--- START ---

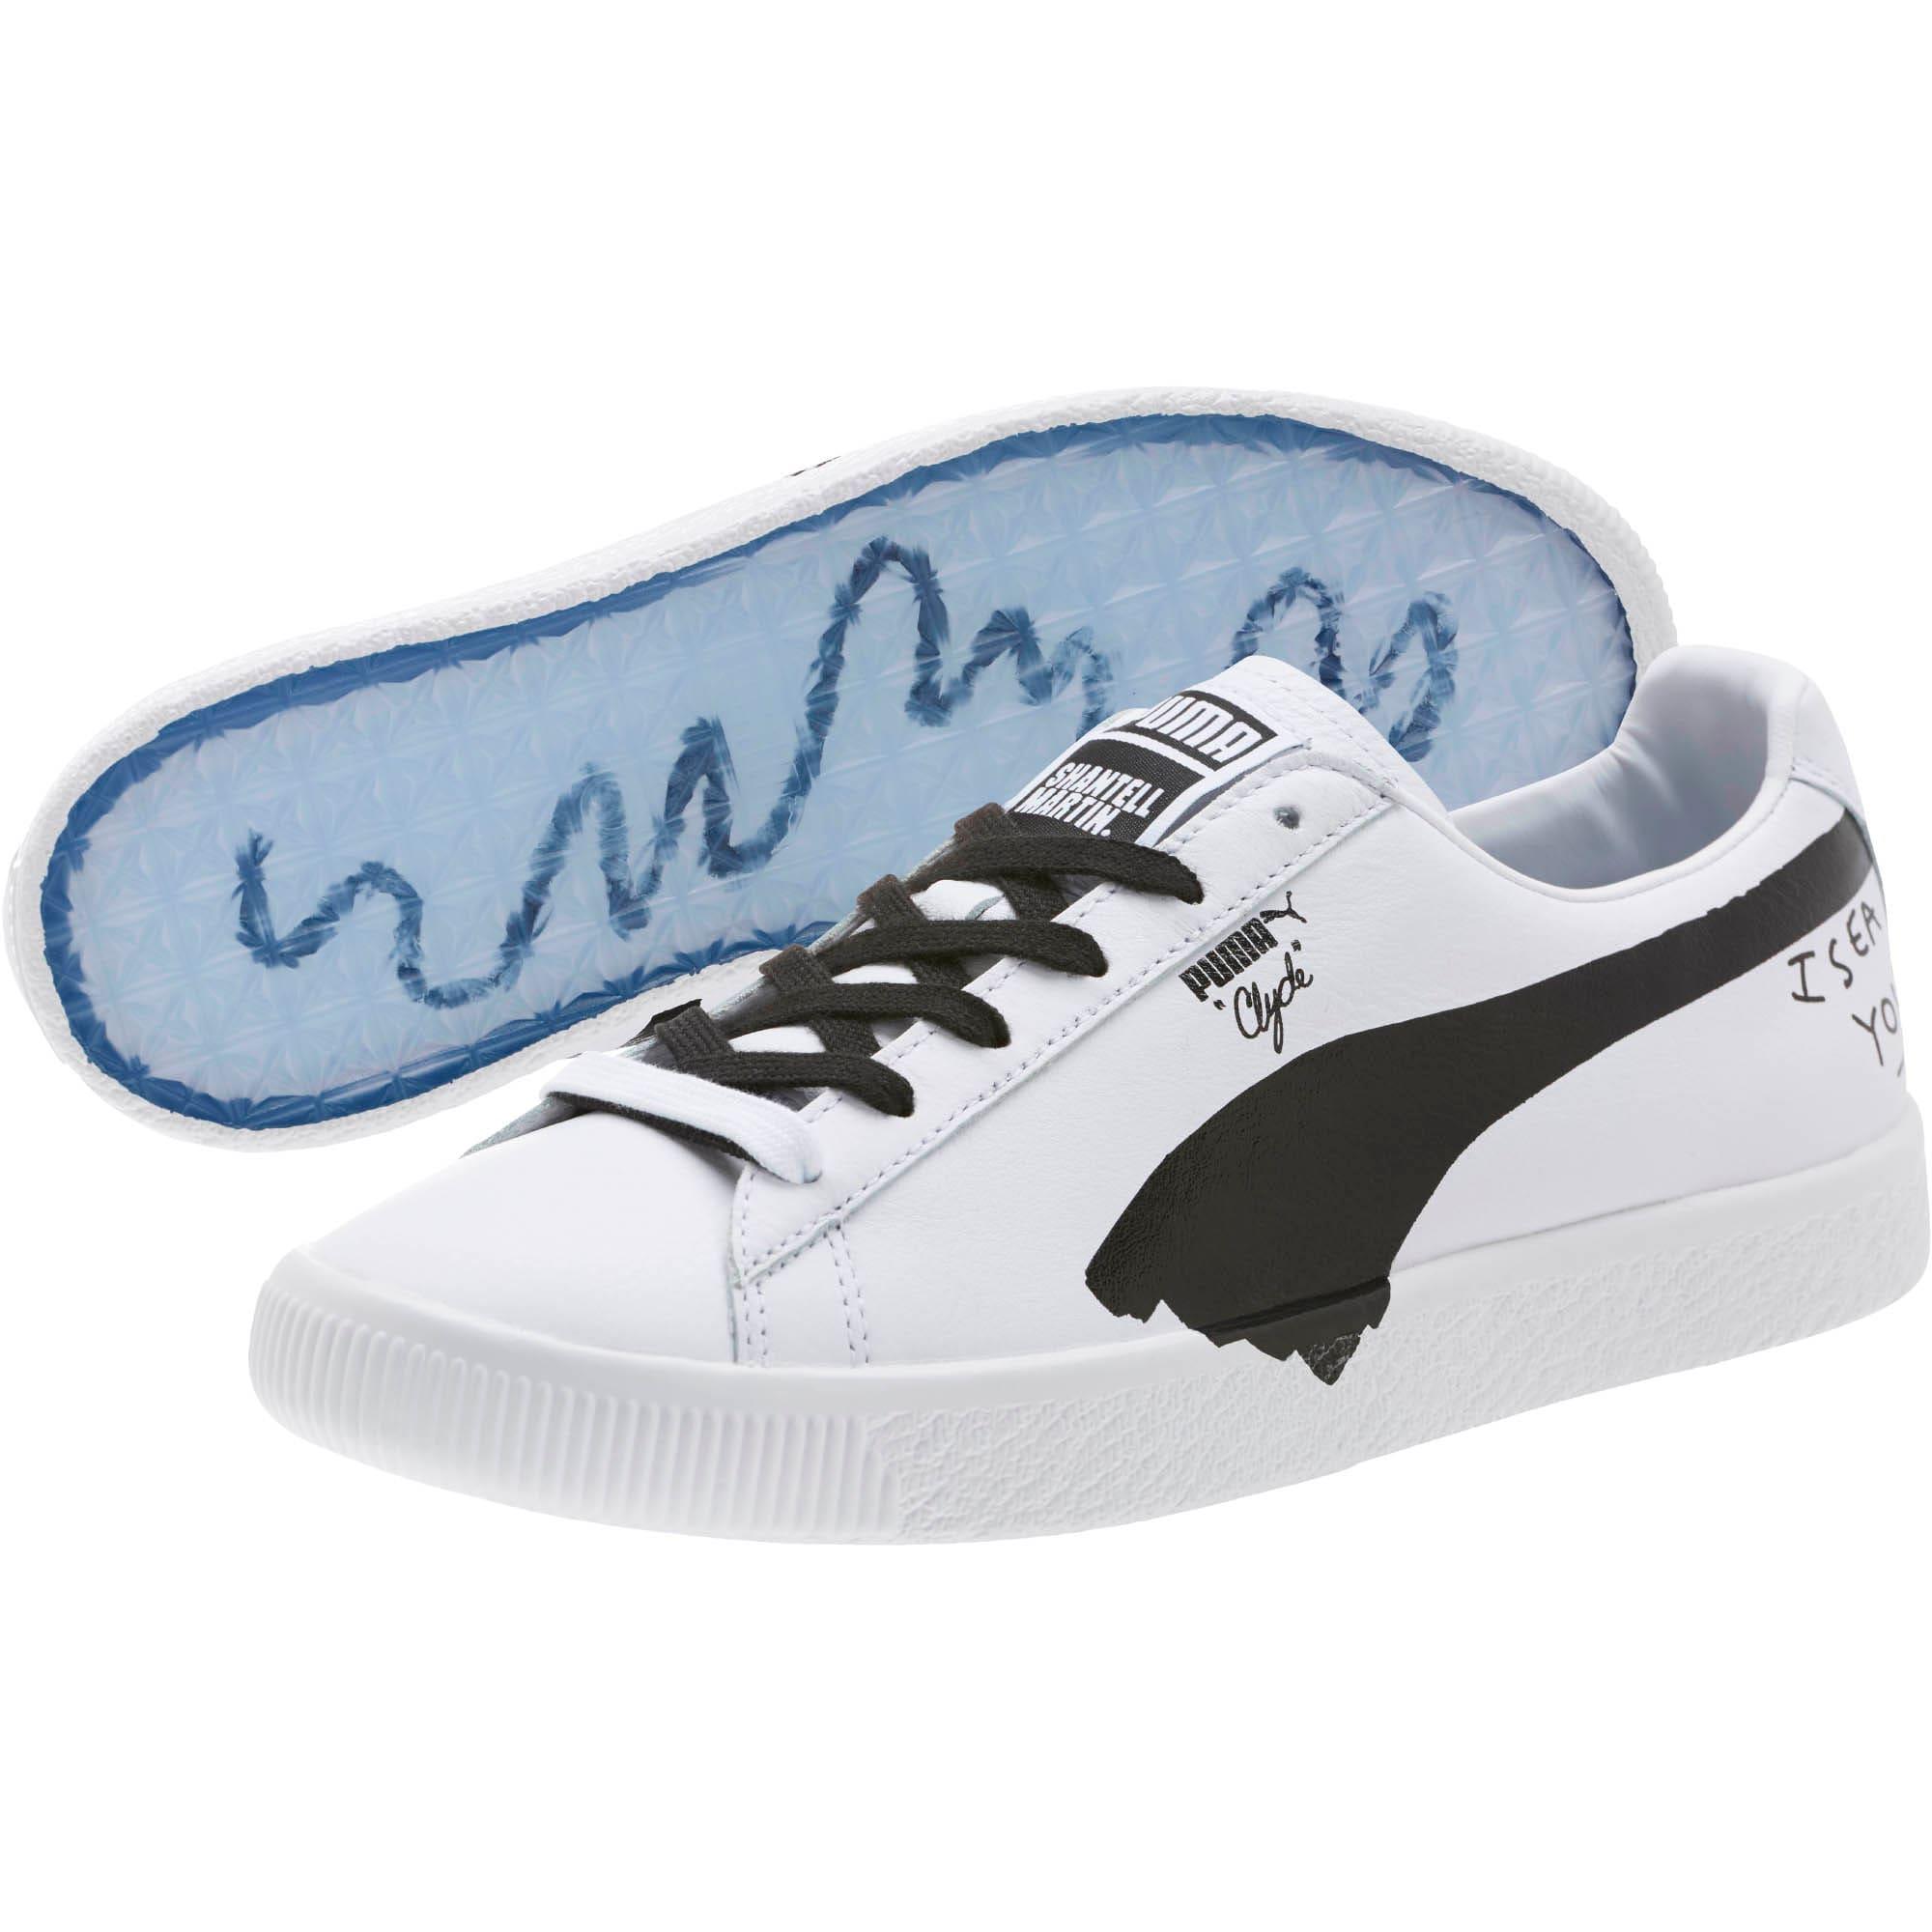 Thumbnail 2 of PUMA x SHANTELL MARTIN Clyde Sneakers, Puma White-Puma Black, medium
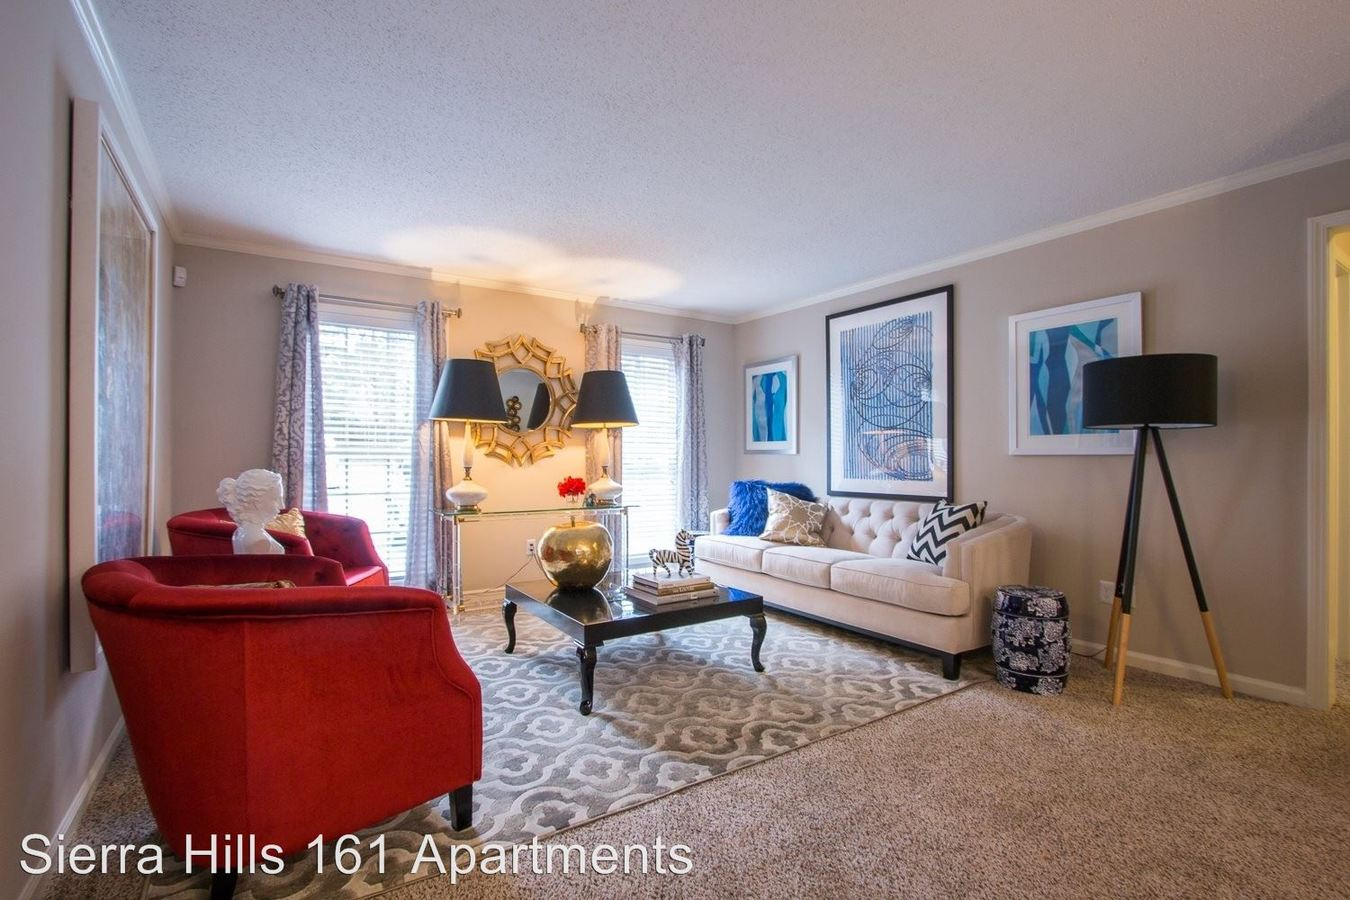 3 Bedrooms 2 Bathrooms Apartment for rent at Sierra Hills Apartments in Atlanta, GA
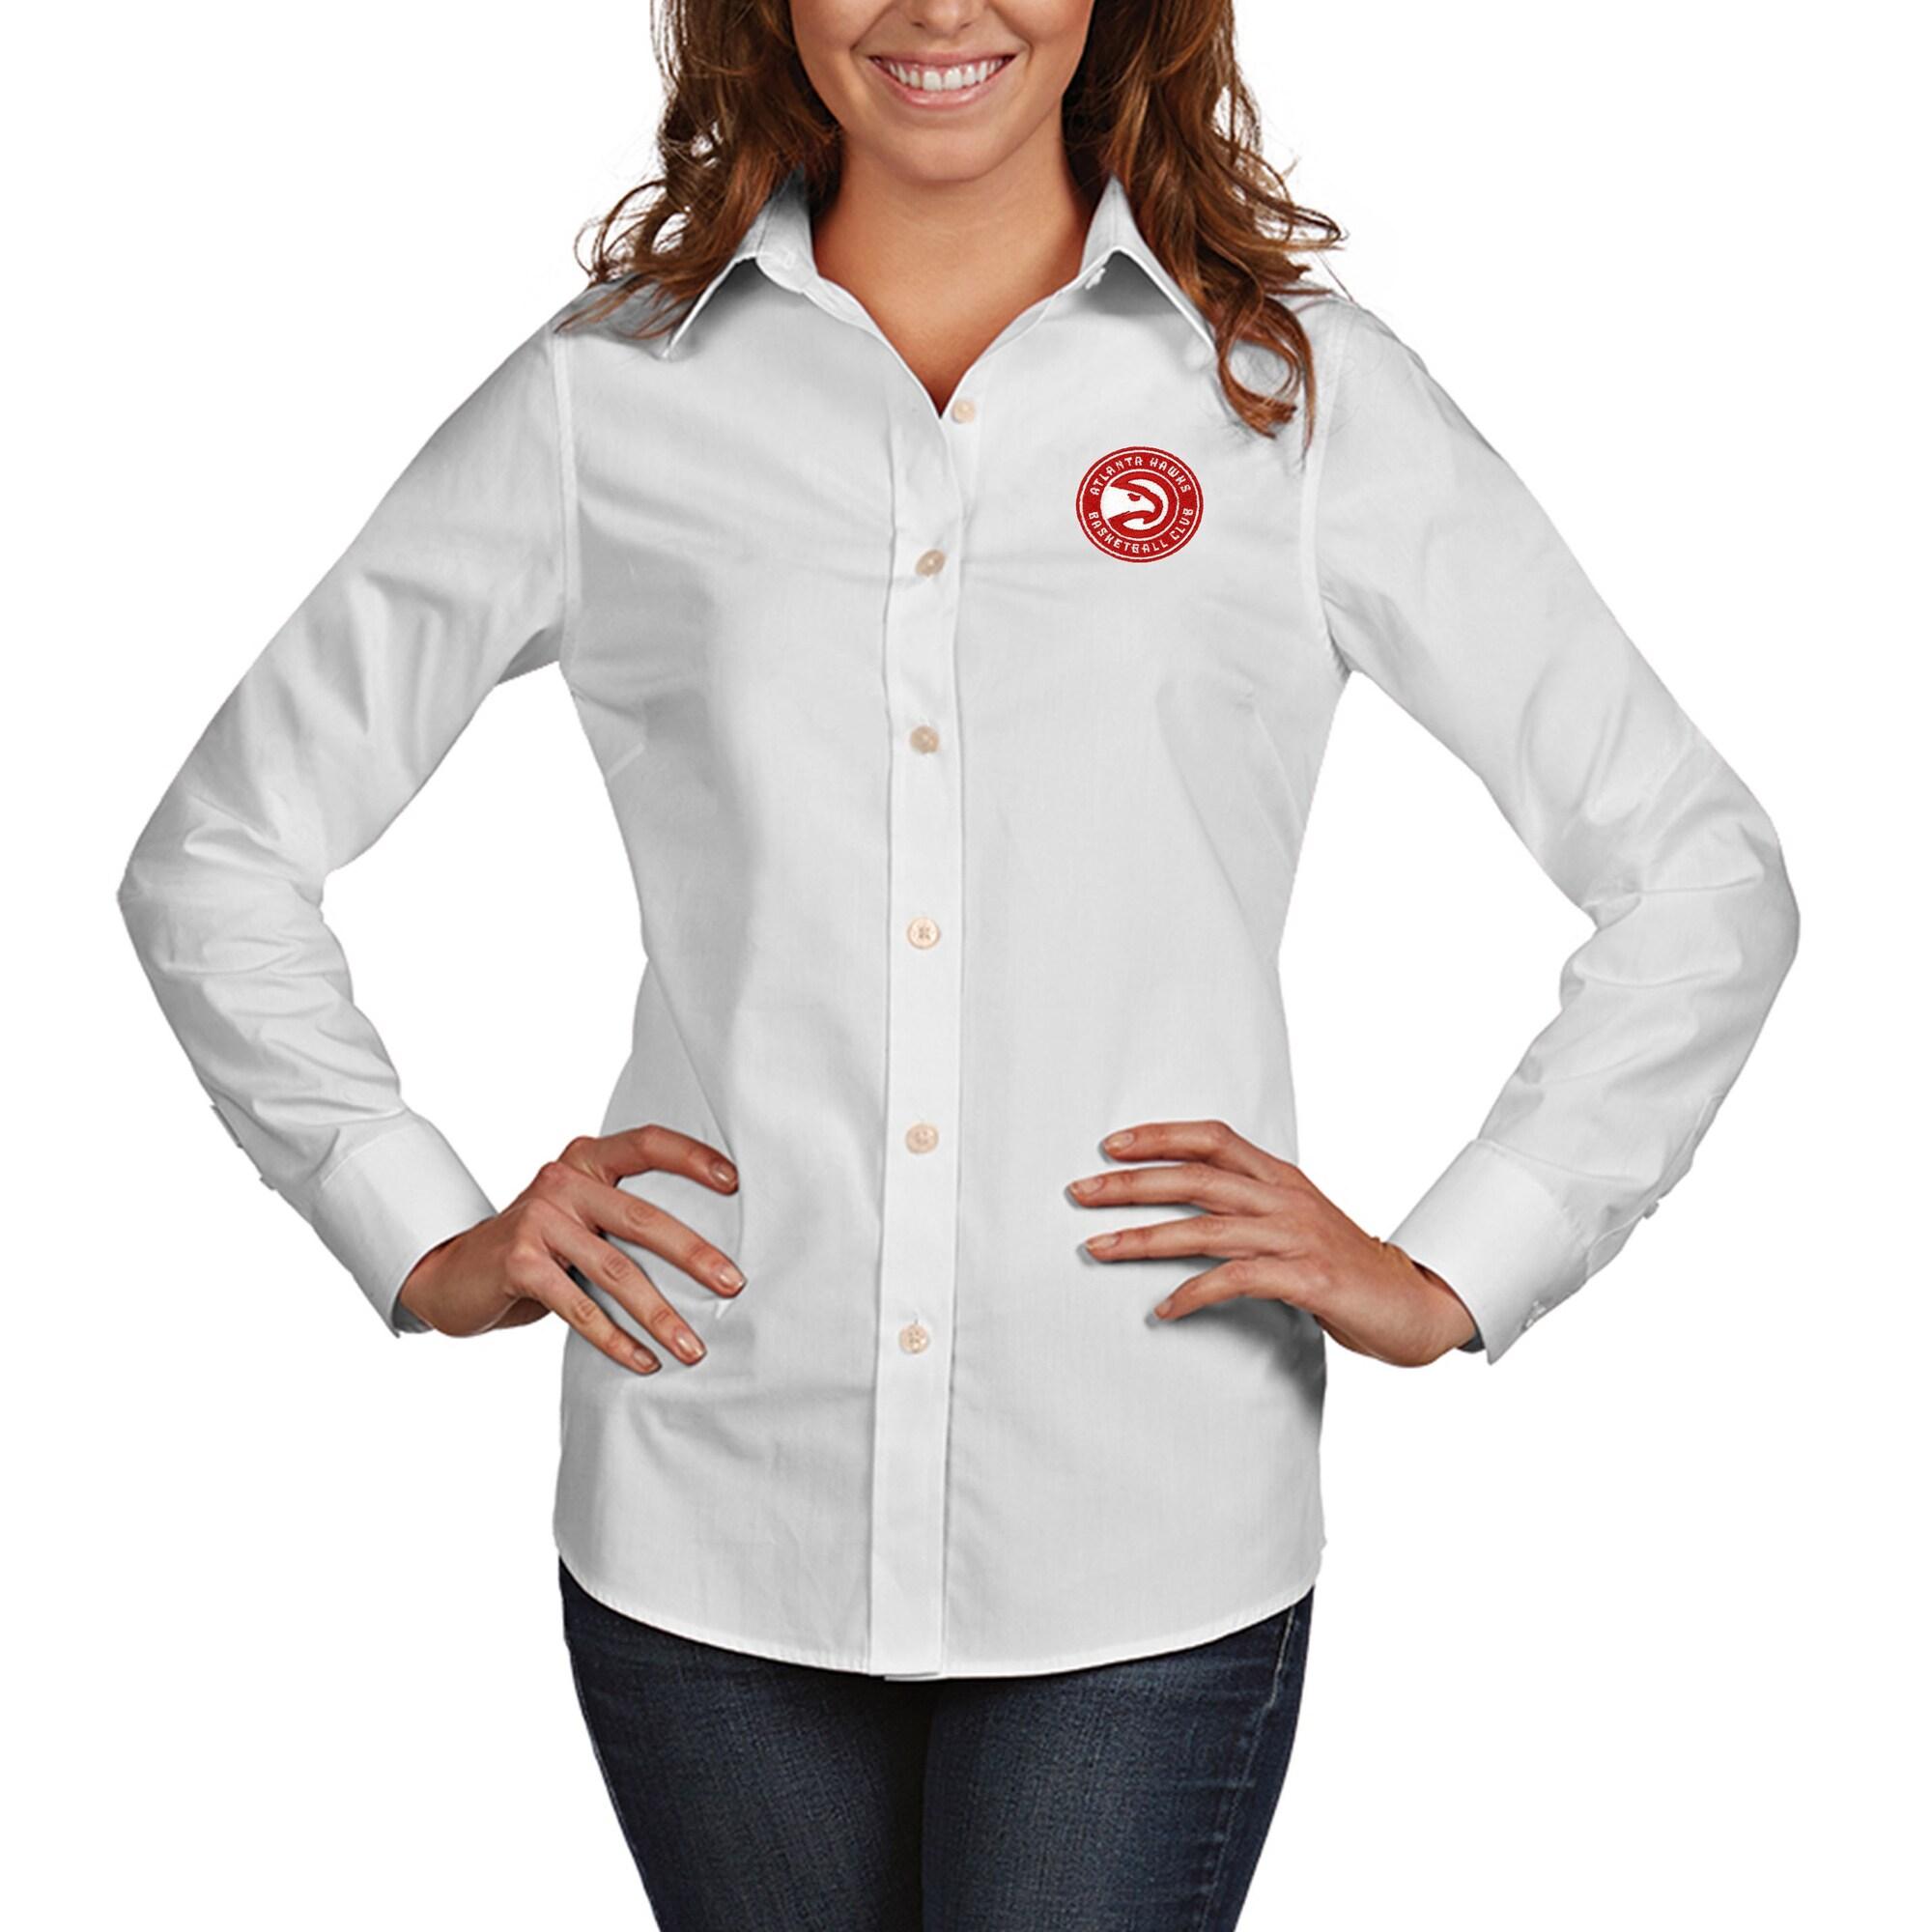 Atlanta Hawks Antigua Women's Dynasty Woven Button-Up Long Sleeve Shirt - White
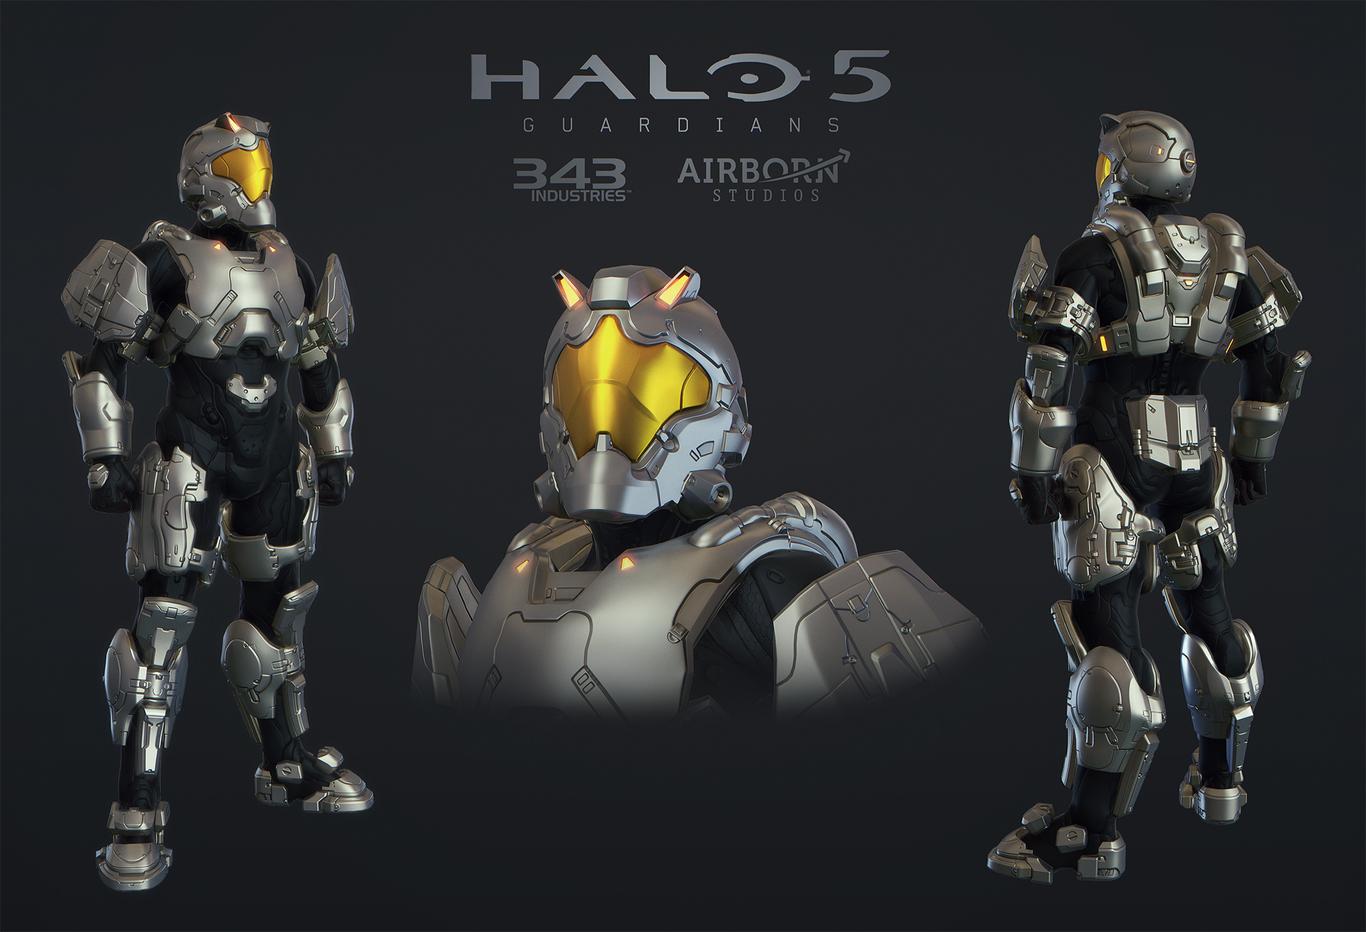 Halo 5 Multiplayer Suit Maveric by AirbornStudios | Sci-Fi | 3D

--- END ---

# [Exercise brief]
Take the lines from the one containing "3 Bedrooms 2" through the last line of the listing and repeat them exactly. Omit the pictures.

# [Result for this exercise]
 3 Bedrooms 2 Bathrooms Apartment for rent at Sierra Hills Apartments in Atlanta, GA
 Atlanta Hawks Antigua Women's Dynasty Woven Button-Up Long Sleeve Shirt - White
 Halo 5 Multiplayer Suit Maveric by AirbornStudios | Sci-Fi | 3D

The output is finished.